I like All Media Grabber -- I keep a copy installed in my XP Mode VM -- but installation is a small bit of a PITA, which is why I keep it there & not here in win7 64.
"mscomctl.ocx" is the name of the file that causes a small problem, more an inconvenience really, in this old fashioned VB app -- that Visual Basic part is why it's banished to the XP VM. Developers -- If you must use mscomctl.ocx stick it in Windows' system folder & register it there [System32 in 32 bit Windows, SysWOW64 in 64 bit], NOT in the app's program folder, where if you ever remove, or move All Media Grabber you'll just broken every other VB app that uses the file, & a good many do use that particular file. Reversing that change means dragging or copying the file from the "AllMedia Grabber" folder to the system folder & (re)registering it with Windows -- currently it seems to be the latest version, but Windows will warn you if there's already an existing copy so you can check which is newer. Registering 32 bit files isn't *too* bad -- there's all sorts of info, tips & tools on-line... I use Regdrop.exe, an older app, that only works with 32 bit files BTW, that I have on the desktop where I can just drag files from Windows' Explorer on top of it. There are several places to download a copy if you use Google.

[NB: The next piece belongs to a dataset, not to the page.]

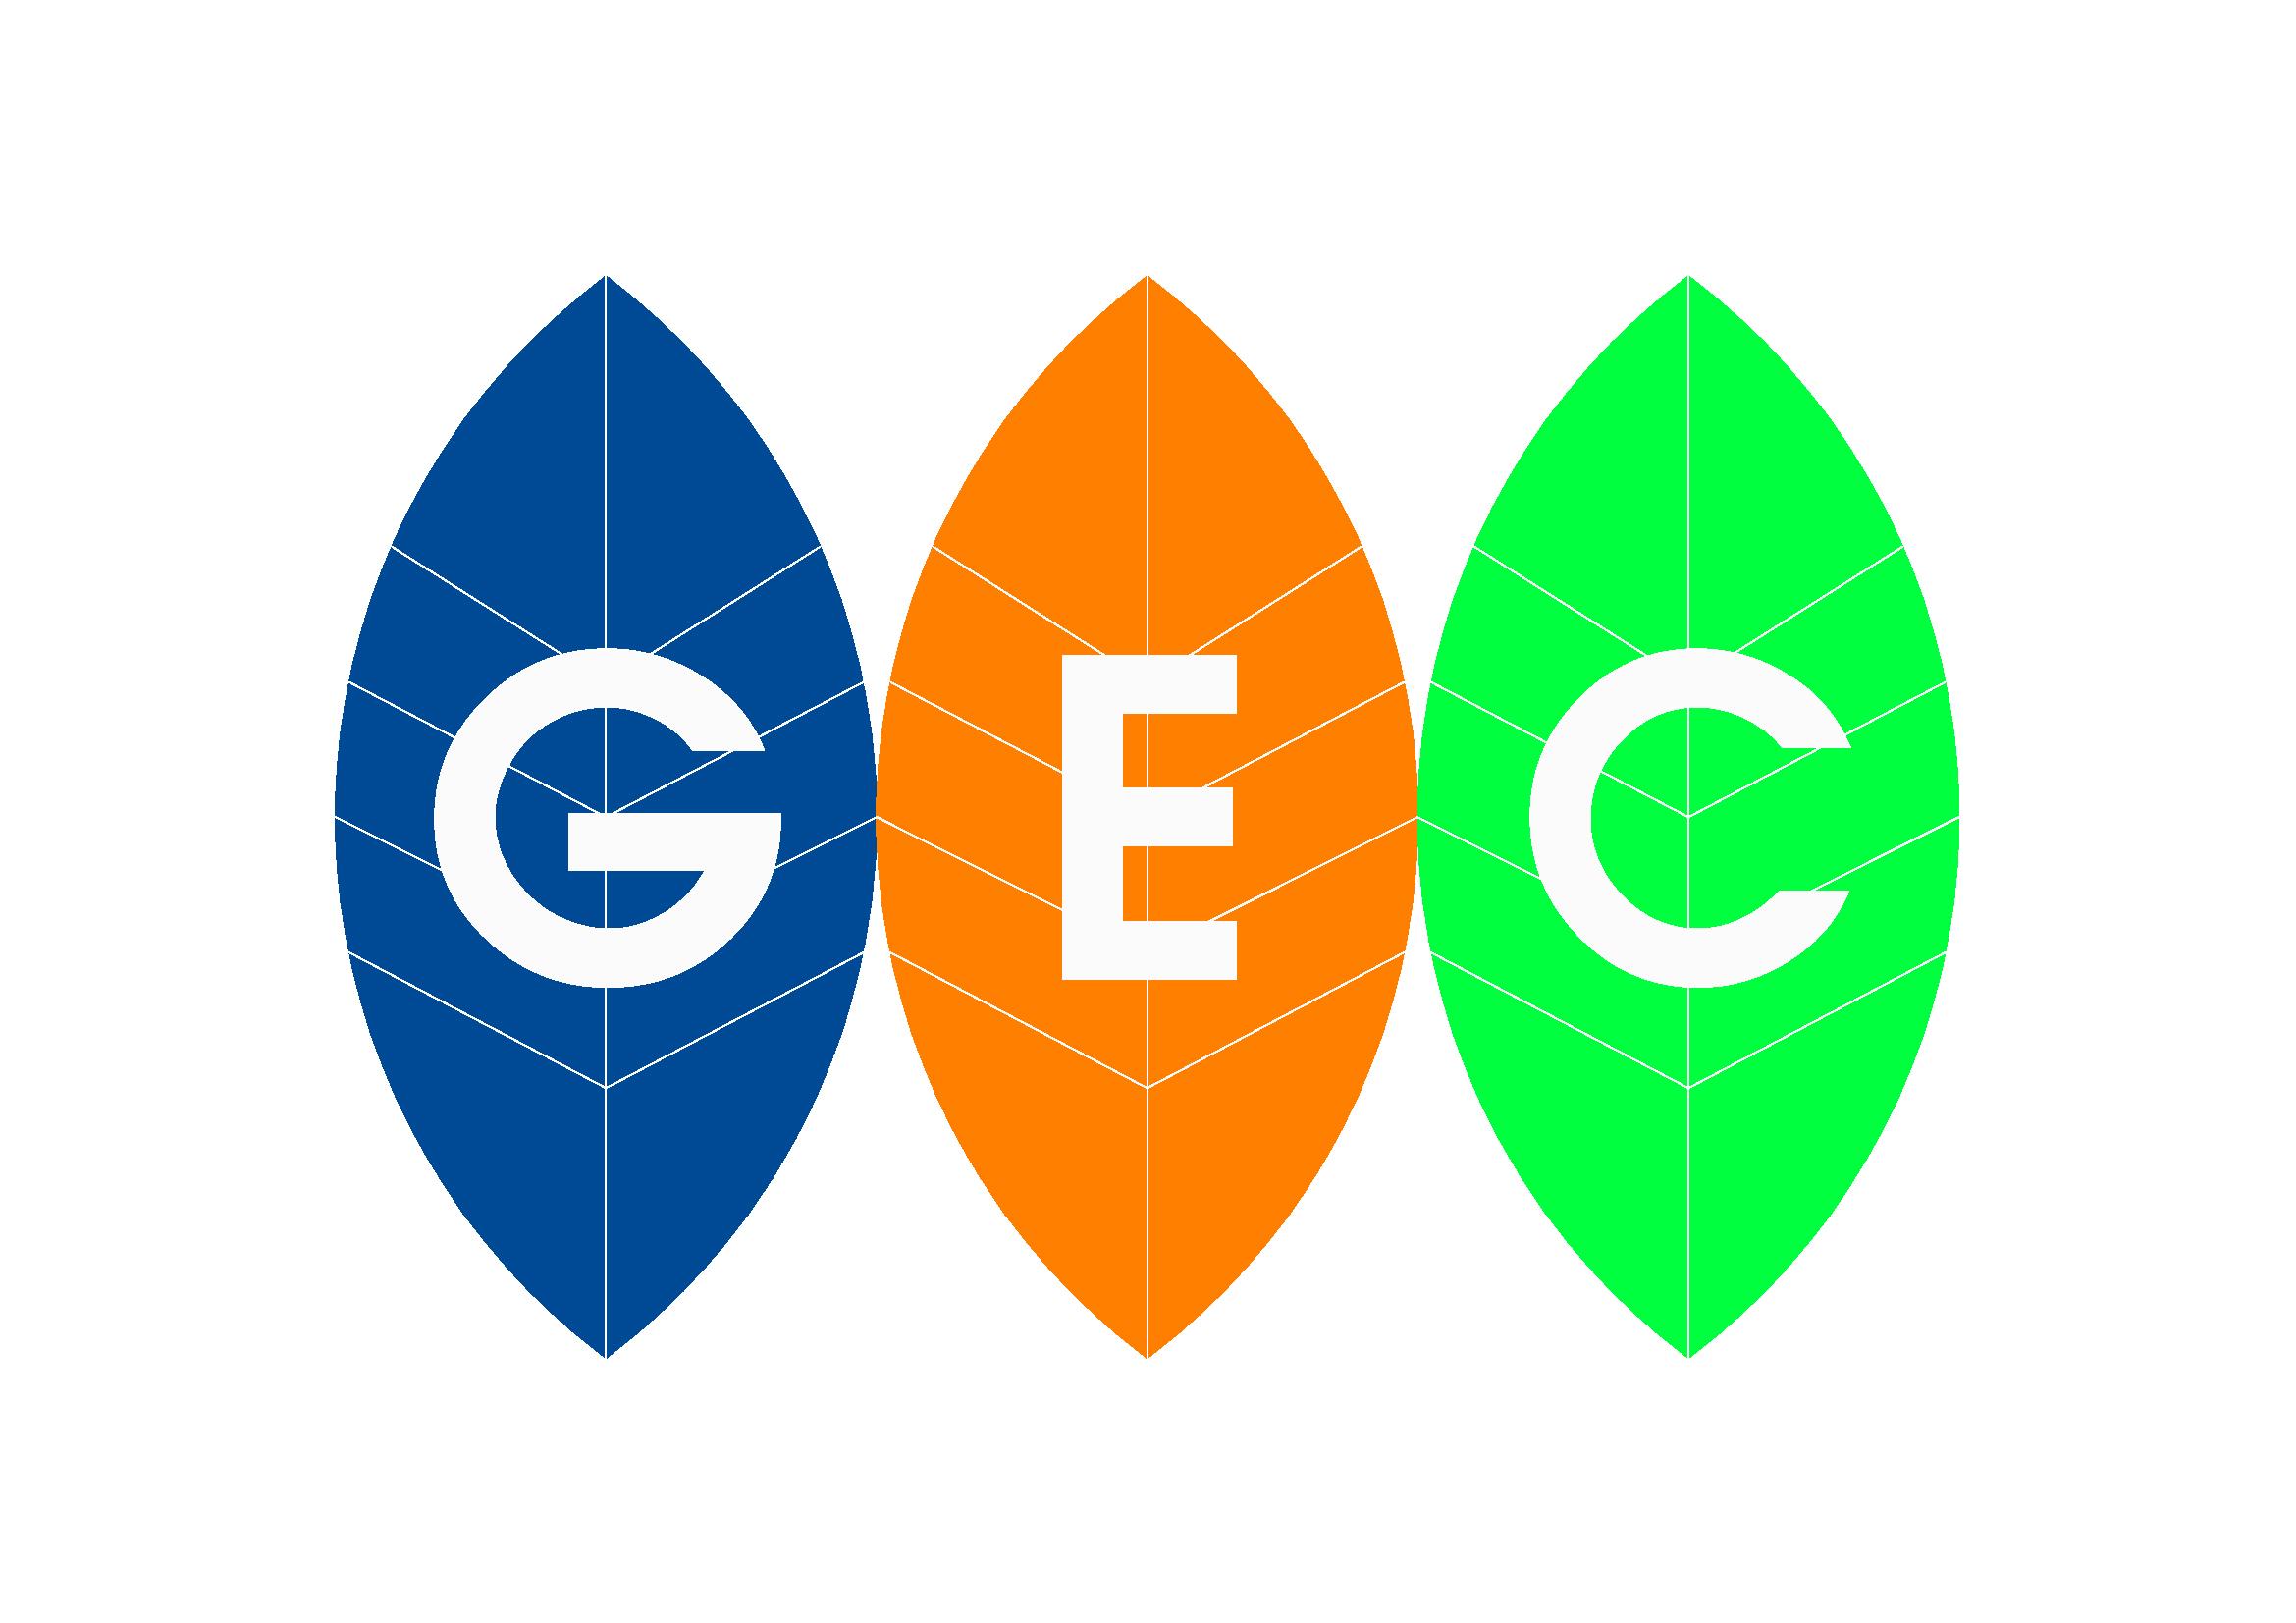  				Công ty cổ phần đầu tư và phát triển công nghệ GEC

Now to the reason I tend to banish VB apps in the 1st place... As I said I already have an older copy of All Media Grabber in my XP Mode VM, which meant I'd have to monitor the install in a win7 32 VM if I was going to monitor it. Win7 can sometimes have a small fit behind the scenes when you add a VB app like this, & in this case it showed up as roughly 150,000 registry entries recorded as being deleted. It's not as drastic as it sounds -- schema related keys can sometimes be created &/or deleted in huge numbers, but after a restart they will not show up in regedit, leading me to believe they're temporary. Regardless, I like to avoid the wear & tear on the registry if/when I can. I also suspect at least some of the effects linger in .NET, where Microsoft tries to handle VB nowadays, but realistically I've never examined each one of those 150k or so registry entries to make sure -- it's more than enough of a burden just trying to read text files that large, particularly in a VM, where that kind of volume regularly crashes my monitoring apps.
I tried BTW to see if there was an easier way of fixing the mscomctl.ocx thing, but it's not included in the VB runtime from microsoft.com, where a search on mscomctl.ocx comes up with a hotfix that doesn't include the latest version, & it doesn't work to change anything anyway in that win7 32 VM where All Media Grabber was installed.